Both sides got what they wanted. Wouldn't compromise, and well, here we are. A crown corp that cannot continue in it's current form because it's totally insolvent, a union thats got itself backed so far into the corner that it's pretty much hopeless and that can't now crawl out of without basically getting hung at high noon by their membership, and the Average Joe Canadian and Canadian businesses who won't ever be confident enough to seriously use their services for the foreseeable future.

Golf claps to all involved.

[–] Akuchimoya@startrek.website 6 points 1 day ago* (last edited 1 day ago) (2 children)

Why should Canada Post be "solvent"? It's mandated to serve every Canadian address. Have you considered what that means?
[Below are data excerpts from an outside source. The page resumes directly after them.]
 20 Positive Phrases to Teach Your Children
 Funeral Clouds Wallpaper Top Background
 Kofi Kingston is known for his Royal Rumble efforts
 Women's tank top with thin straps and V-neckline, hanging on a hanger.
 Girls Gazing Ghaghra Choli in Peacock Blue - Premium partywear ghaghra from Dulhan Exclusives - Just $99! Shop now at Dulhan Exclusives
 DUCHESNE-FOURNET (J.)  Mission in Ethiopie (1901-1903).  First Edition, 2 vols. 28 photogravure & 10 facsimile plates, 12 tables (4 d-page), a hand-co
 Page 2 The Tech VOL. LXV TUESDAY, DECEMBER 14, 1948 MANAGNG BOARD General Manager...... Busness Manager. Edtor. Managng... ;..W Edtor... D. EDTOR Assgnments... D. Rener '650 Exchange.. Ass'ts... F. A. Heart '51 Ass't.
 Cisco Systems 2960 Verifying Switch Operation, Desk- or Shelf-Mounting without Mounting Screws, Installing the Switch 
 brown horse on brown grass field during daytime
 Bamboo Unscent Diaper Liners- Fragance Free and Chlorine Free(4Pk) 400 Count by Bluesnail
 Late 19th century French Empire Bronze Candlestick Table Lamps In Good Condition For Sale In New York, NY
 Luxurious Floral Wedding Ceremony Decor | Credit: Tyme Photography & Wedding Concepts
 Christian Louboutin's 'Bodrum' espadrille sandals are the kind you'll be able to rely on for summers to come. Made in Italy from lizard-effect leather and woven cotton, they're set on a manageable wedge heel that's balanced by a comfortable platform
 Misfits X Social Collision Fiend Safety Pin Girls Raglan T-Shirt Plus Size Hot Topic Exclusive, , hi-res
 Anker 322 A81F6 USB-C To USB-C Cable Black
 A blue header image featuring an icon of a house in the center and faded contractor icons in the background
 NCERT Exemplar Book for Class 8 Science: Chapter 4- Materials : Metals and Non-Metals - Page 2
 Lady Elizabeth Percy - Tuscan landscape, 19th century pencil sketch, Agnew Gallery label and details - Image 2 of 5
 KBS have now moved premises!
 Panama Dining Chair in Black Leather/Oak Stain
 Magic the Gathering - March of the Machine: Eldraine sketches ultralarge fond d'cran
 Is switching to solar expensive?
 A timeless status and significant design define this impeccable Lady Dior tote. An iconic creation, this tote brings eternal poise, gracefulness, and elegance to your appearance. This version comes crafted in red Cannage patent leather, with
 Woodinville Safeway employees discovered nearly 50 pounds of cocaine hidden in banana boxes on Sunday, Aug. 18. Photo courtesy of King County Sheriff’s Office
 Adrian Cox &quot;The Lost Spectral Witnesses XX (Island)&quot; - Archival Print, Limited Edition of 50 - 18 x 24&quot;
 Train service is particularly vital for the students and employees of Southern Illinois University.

It means it has to send mail to the furthest reaches of Grise Fiord (look for it on Google Maps). A business would never deliver there, and they don't because it's not profitable. A non-discriminatory mail service is not a profit business, it's a public service of the government. Firehalls ans library systems have budgets, but no one expects them to be solvent because they're services supported by public funds (taxes), not businesses.

[–] GrindingGears@lemmy.ca 1 points 1 day ago (2 children)

What is getting so lost in all this social media outrage, is no one is proposing the total ending of mail delivery here. It's still going to occur, just with some adjustments coming to make the service less of a capital burner, and maybe more of a service that's matched to the reality of a modern age. It doesn't make much sense to me that everyone is so opposed to this. Ol' Grise Fiord is going to still receive their mail under this new proposed system. Well I mean they were until the postal union led their employees off the job once again for the umpteenth time.

[–] CileTheSane@lemmy.ca 1 points 1 day ago

Well I mean they were until the postal union led their employees off the job once again for the umpteenth time.

Canada Post continuously refuses to negotiate with the union and relies on the Government forcing them back to work instead of coming to an agreement, and you're surprised that they go on strike again?

I'm surprised that it took this long and that the service I was receiving was decent.

[–] Akuchimoya@startrek.website 1 points 23 hours ago

I'm by no means against reduction or modification of service to match the reality of less mail being sent and delivered. Reduction of service and tax funding are not mutually exclusive.

But a legal mandate to serve all Canadians and a mandate for "solvency" based solely on postage are mutually exclusive in a country as geographically large as Canada with all our small, rural and remote (i.e. Unprofitable) communities.